▸ PROBLEM STATEMENT
Below are entries; repeat exactly, and nothing else, the lines from the one holding "Модификация: Комплектация жестким" through the one holding "RWD Mazda 626", inclusive. Leave the pictures out.

▸ EXTRACTED DATA
• • •

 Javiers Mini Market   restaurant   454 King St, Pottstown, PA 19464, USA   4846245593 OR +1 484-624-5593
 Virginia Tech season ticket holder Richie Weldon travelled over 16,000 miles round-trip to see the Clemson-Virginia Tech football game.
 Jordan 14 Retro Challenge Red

• • •

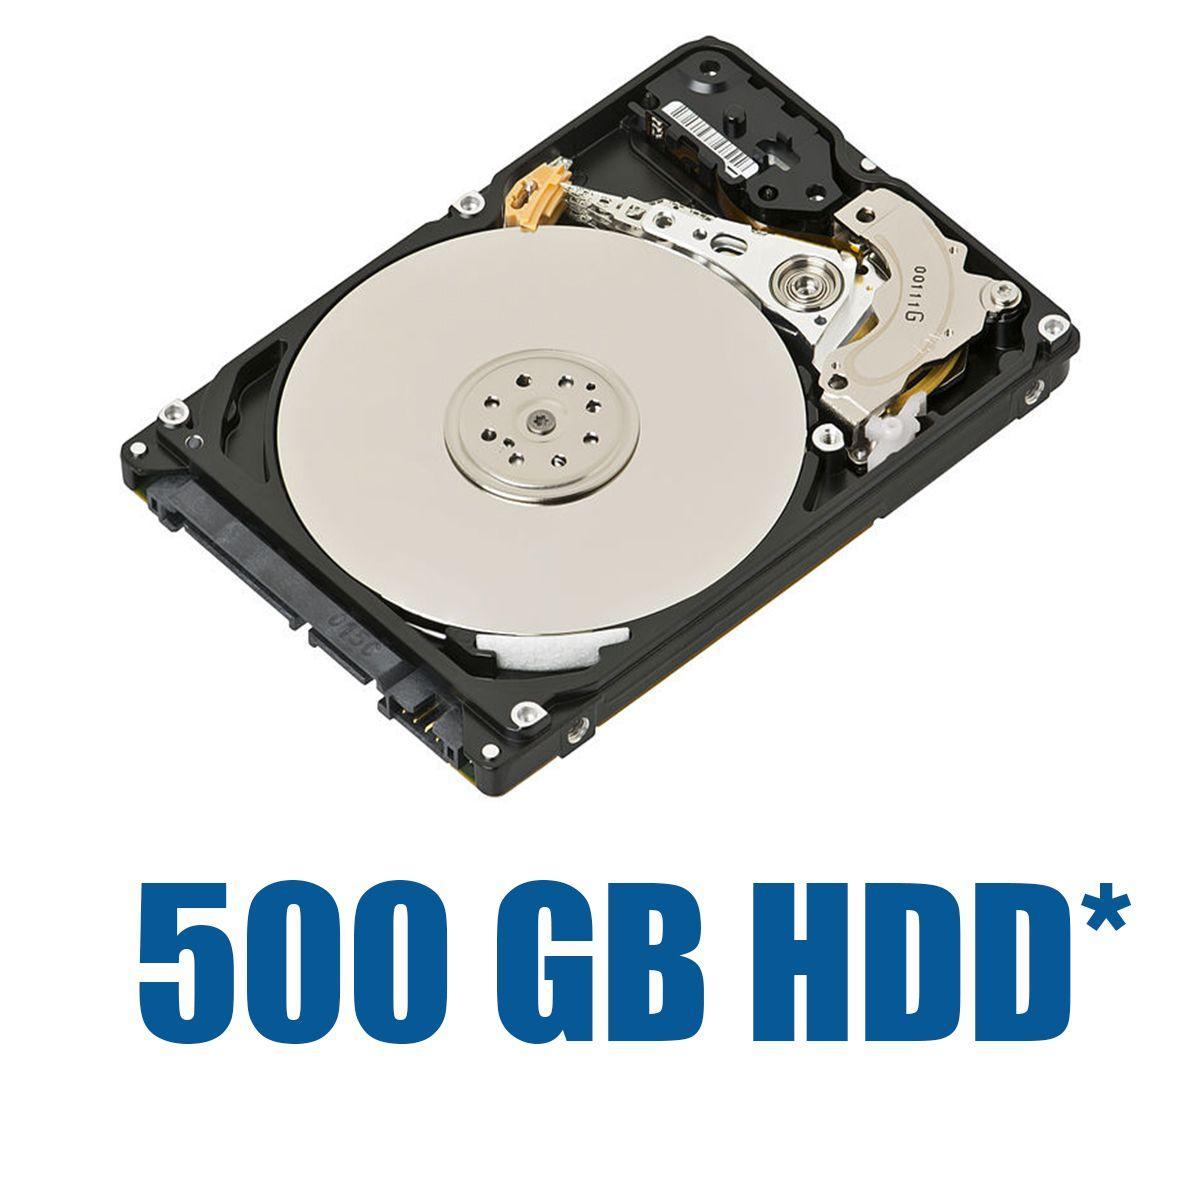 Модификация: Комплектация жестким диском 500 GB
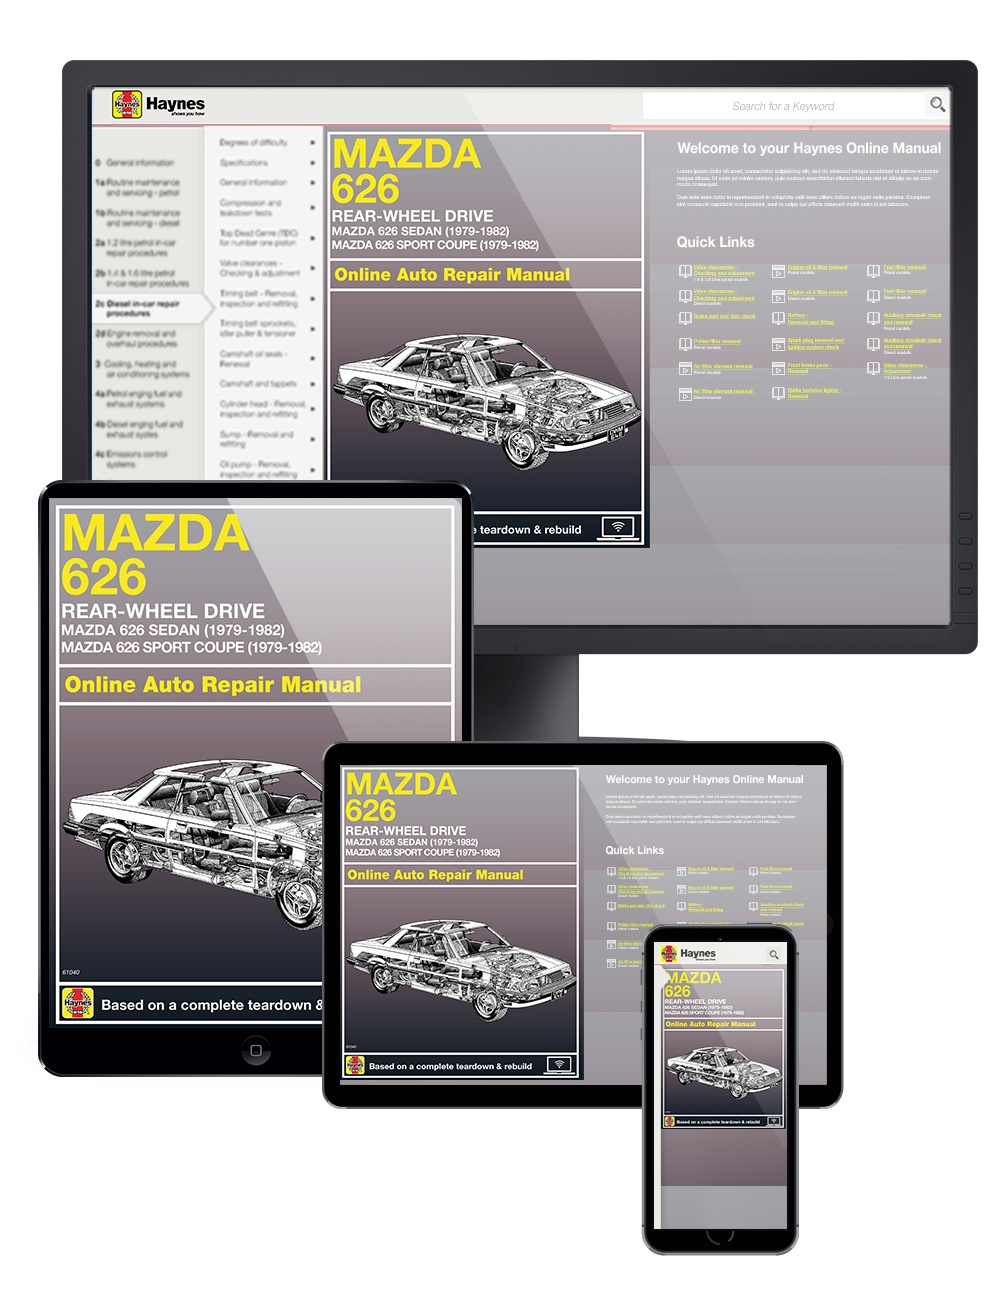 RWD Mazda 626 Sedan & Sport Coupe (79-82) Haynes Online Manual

• • •

▸ OUTPUT FOR THIS TASK
 Модификация: Комплектация жестким диском 500 GB
 RWD Mazda 626 Sedan & Sport Coupe (79-82) Haynes Online Manual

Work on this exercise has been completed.